Would it be possible to output exactly, and only, the lines below from the one holding "messy fine mesh" to the last line, both included, with every picture left out?

--- Collected material ---
┌──

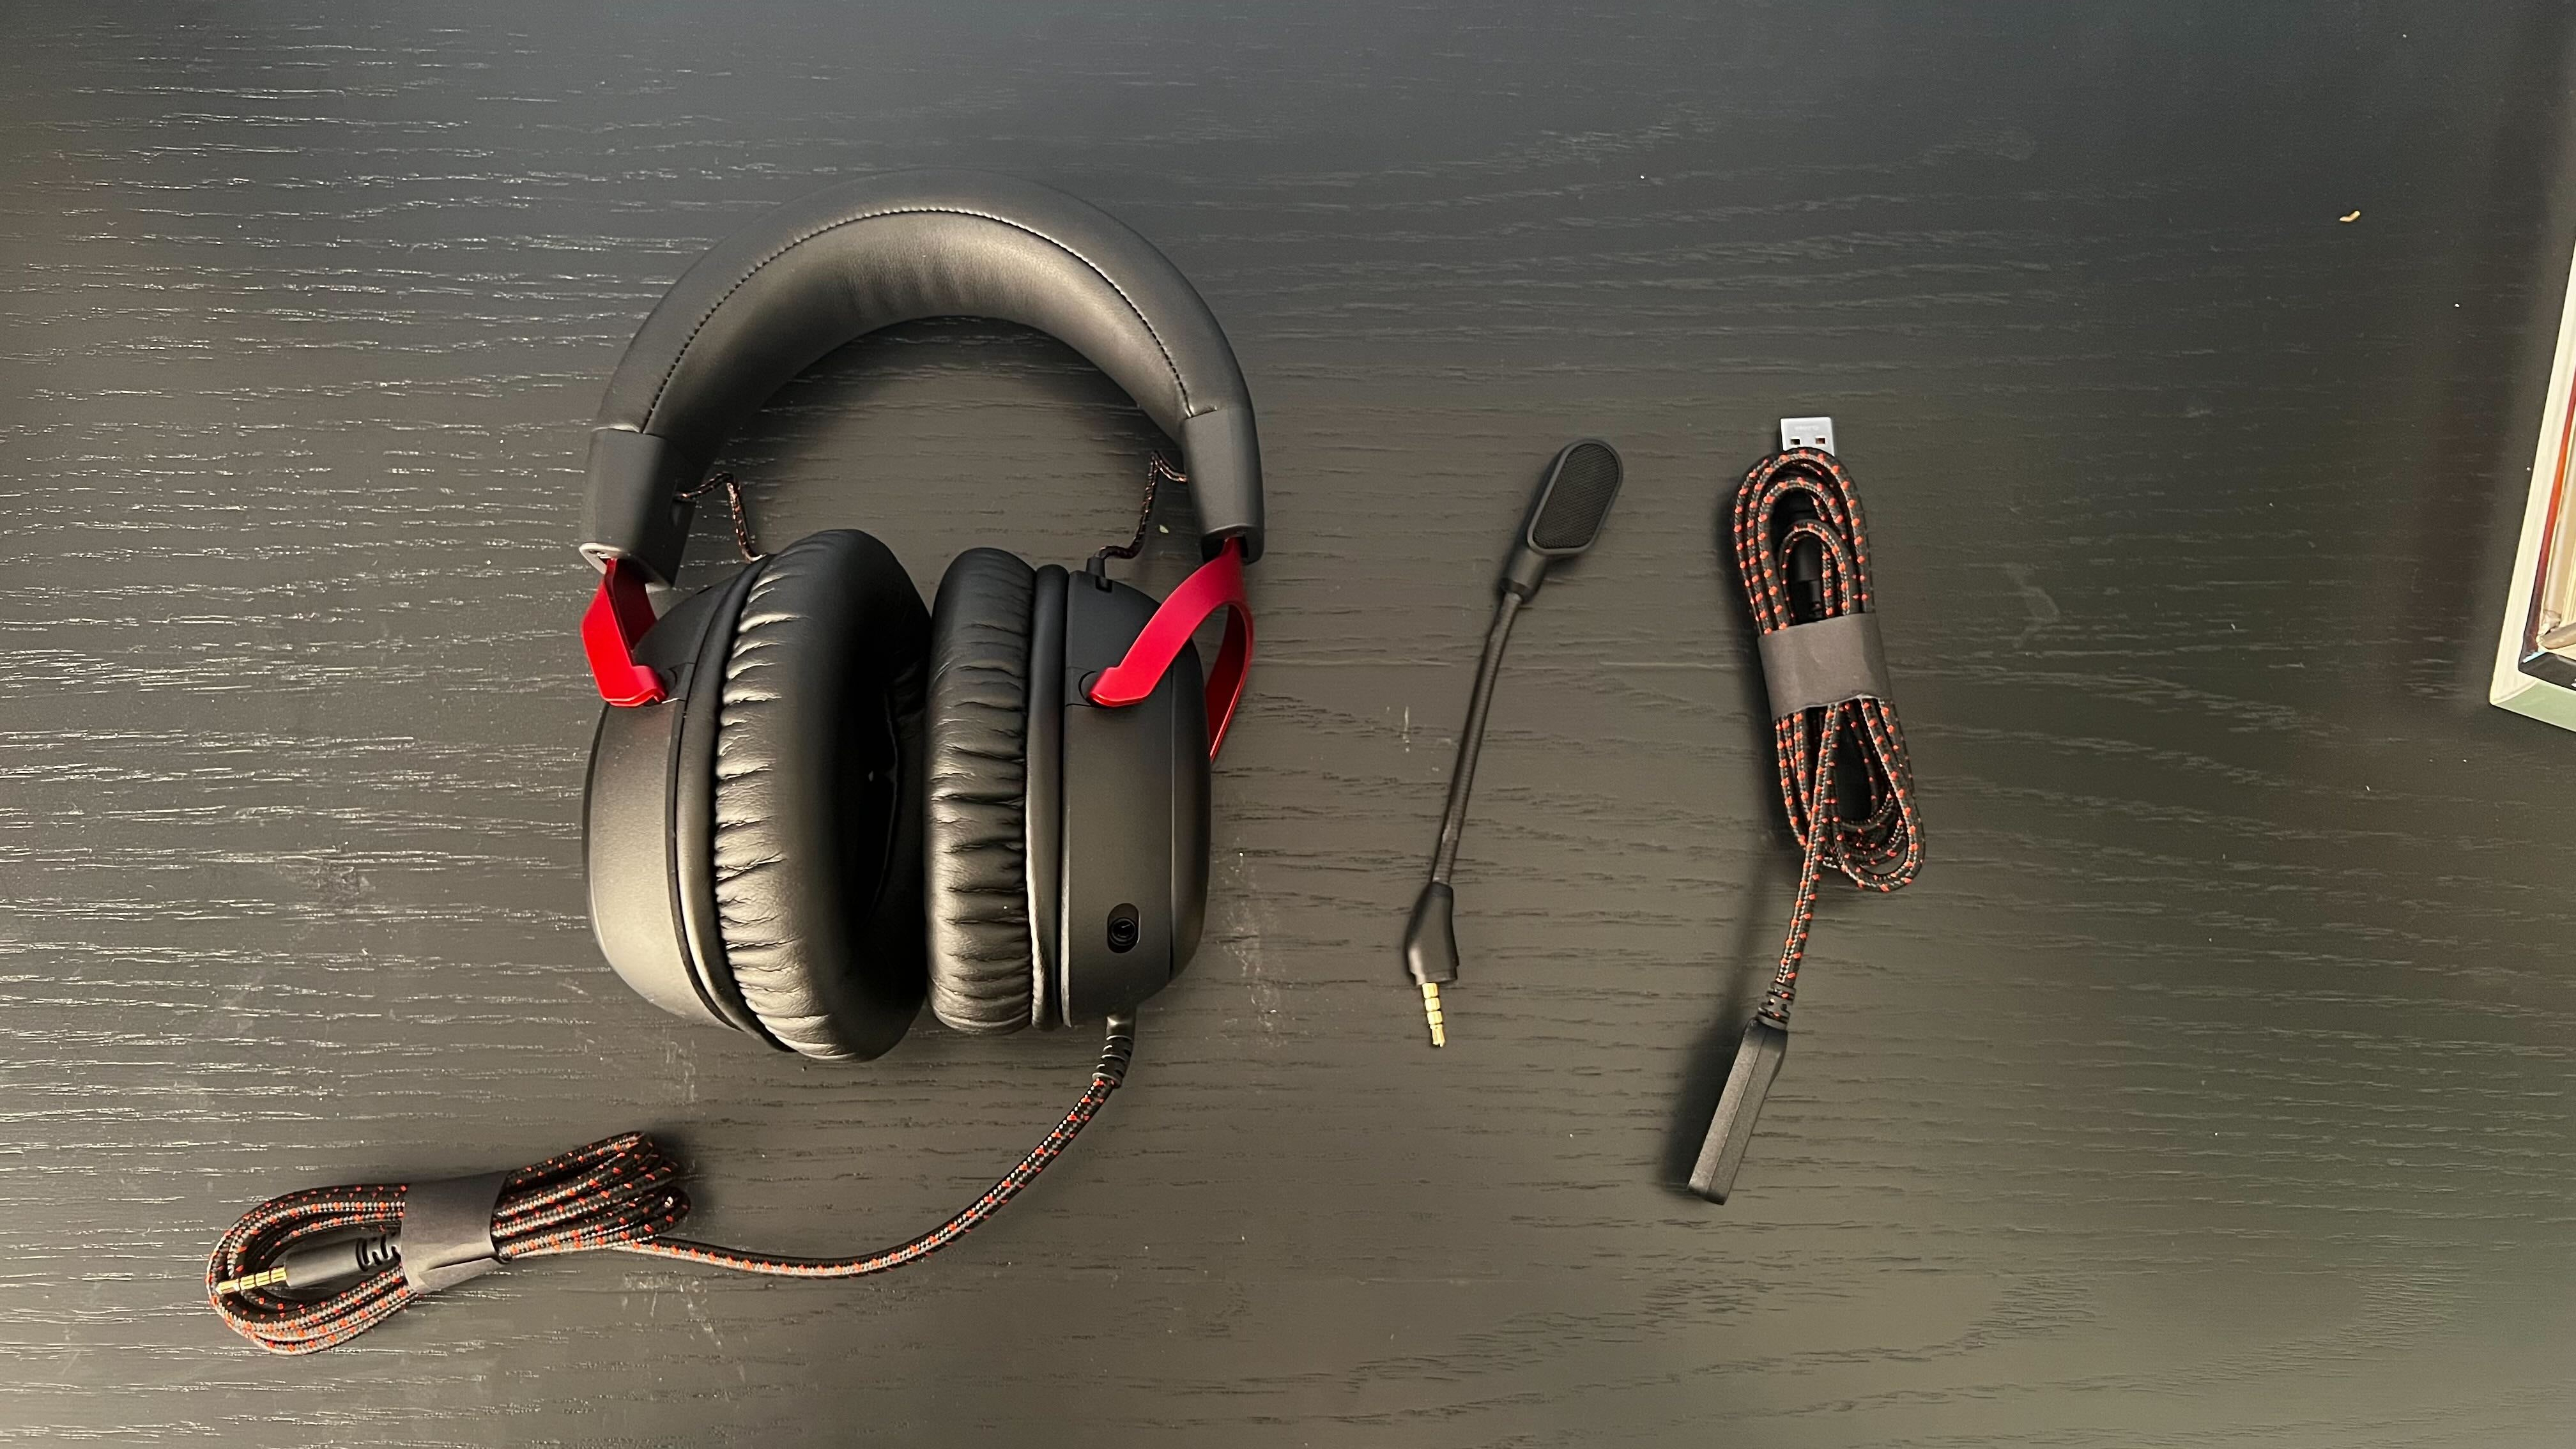 HyperX Cloud III and all its accecories.
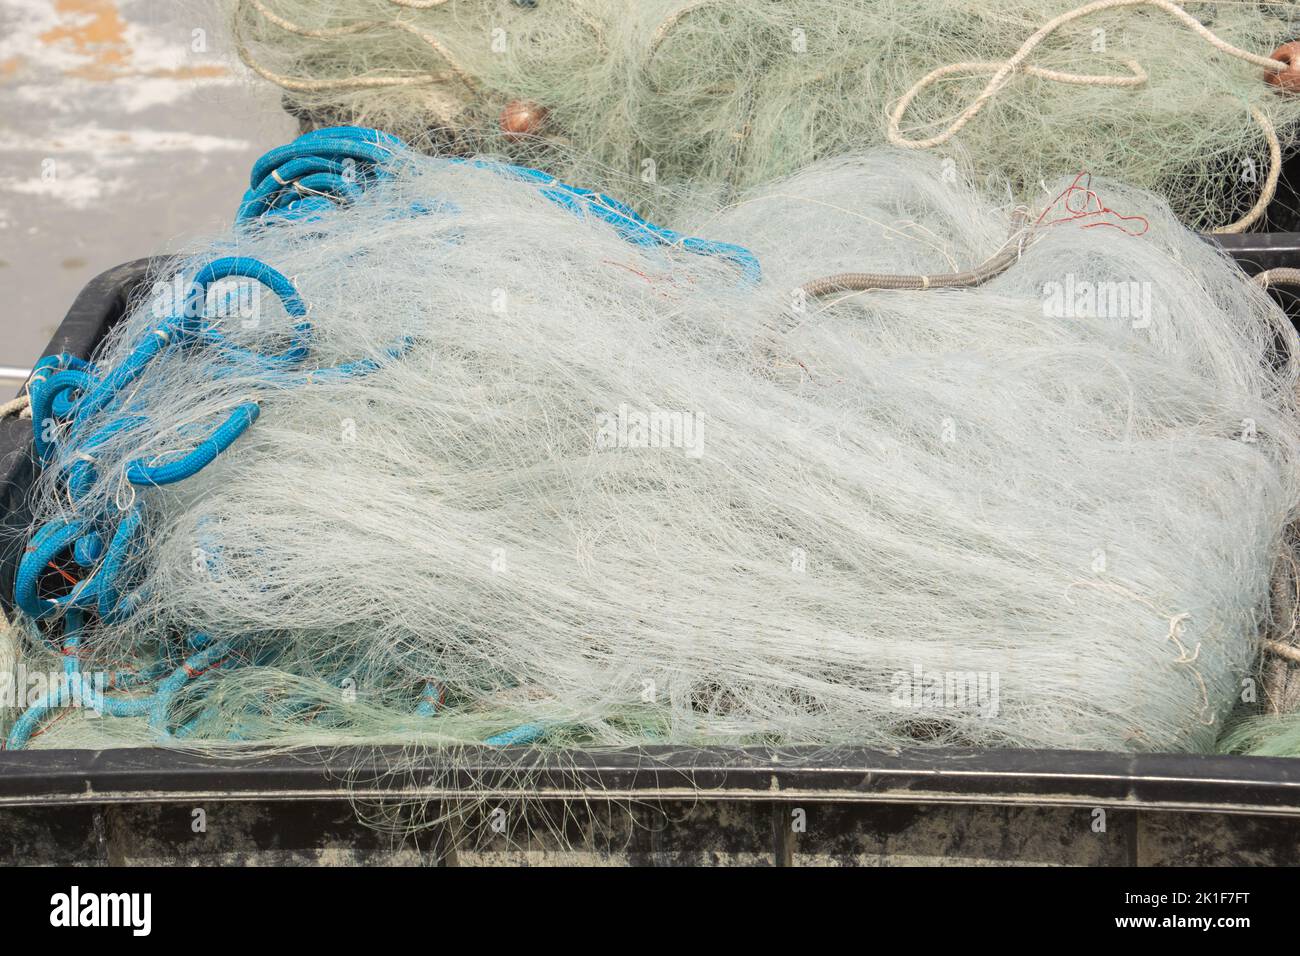 messy fine mesh fishing nets in a pile after use Stock Photo
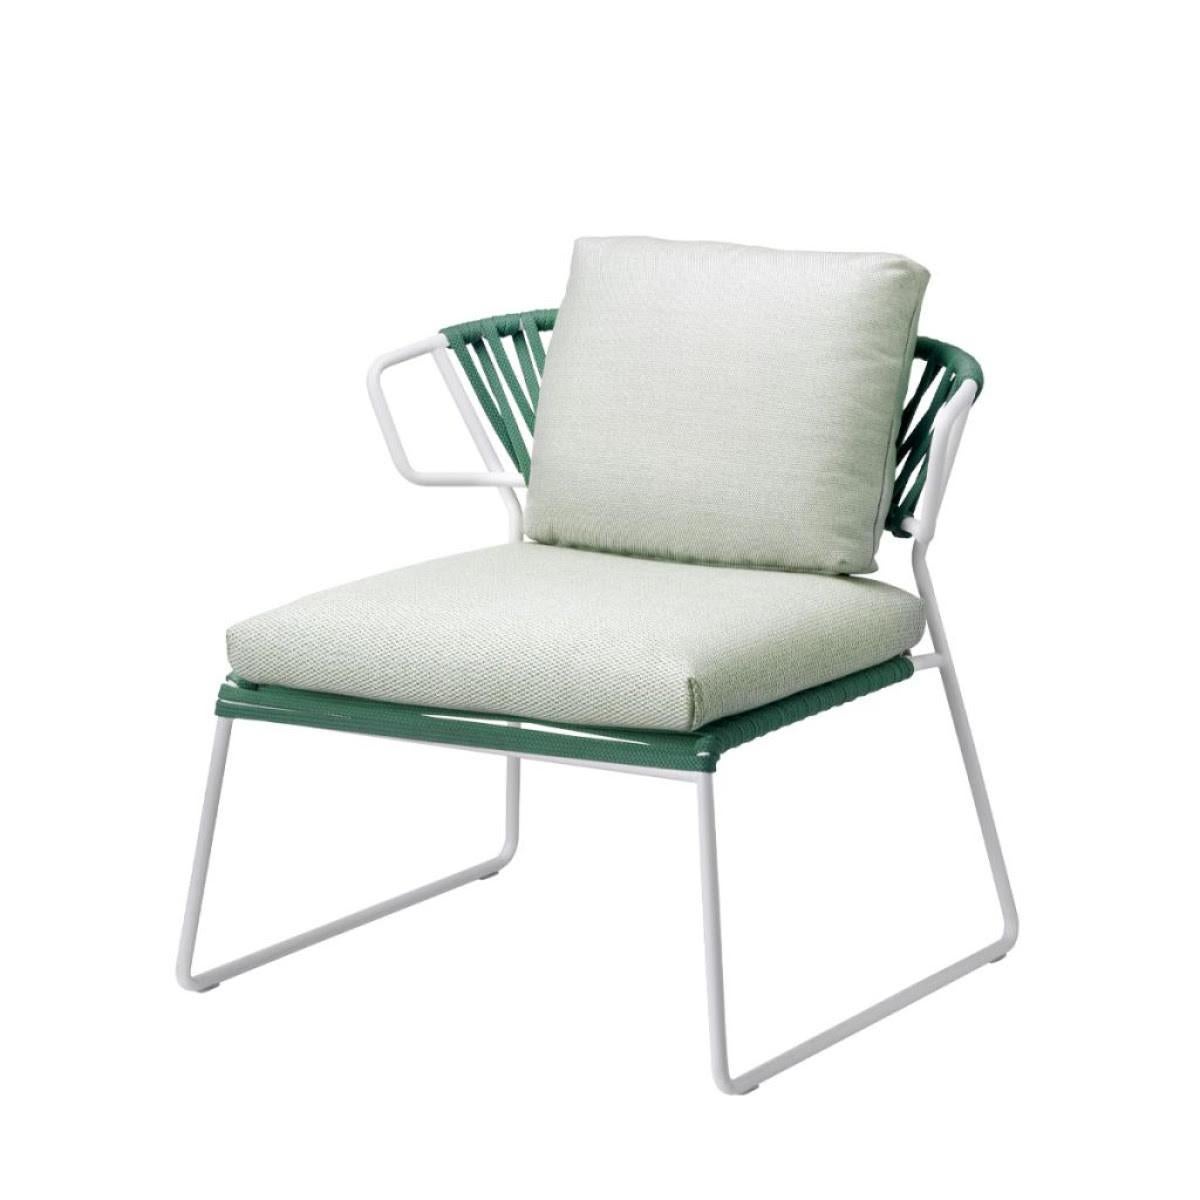 Modern Green Outdoor or Indoor Armchair in Metal and Ropes, 21 century In New Condition For Sale In Saint-Ouen, FR

└──

--- Reply ---
 messy fine mesh fishing nets in a pile after use Stock Photo
 Modern Green Outdoor or Indoor Armchair in Metal and Ropes, 21 century In New Condition For Sale In Saint-Ouen, FR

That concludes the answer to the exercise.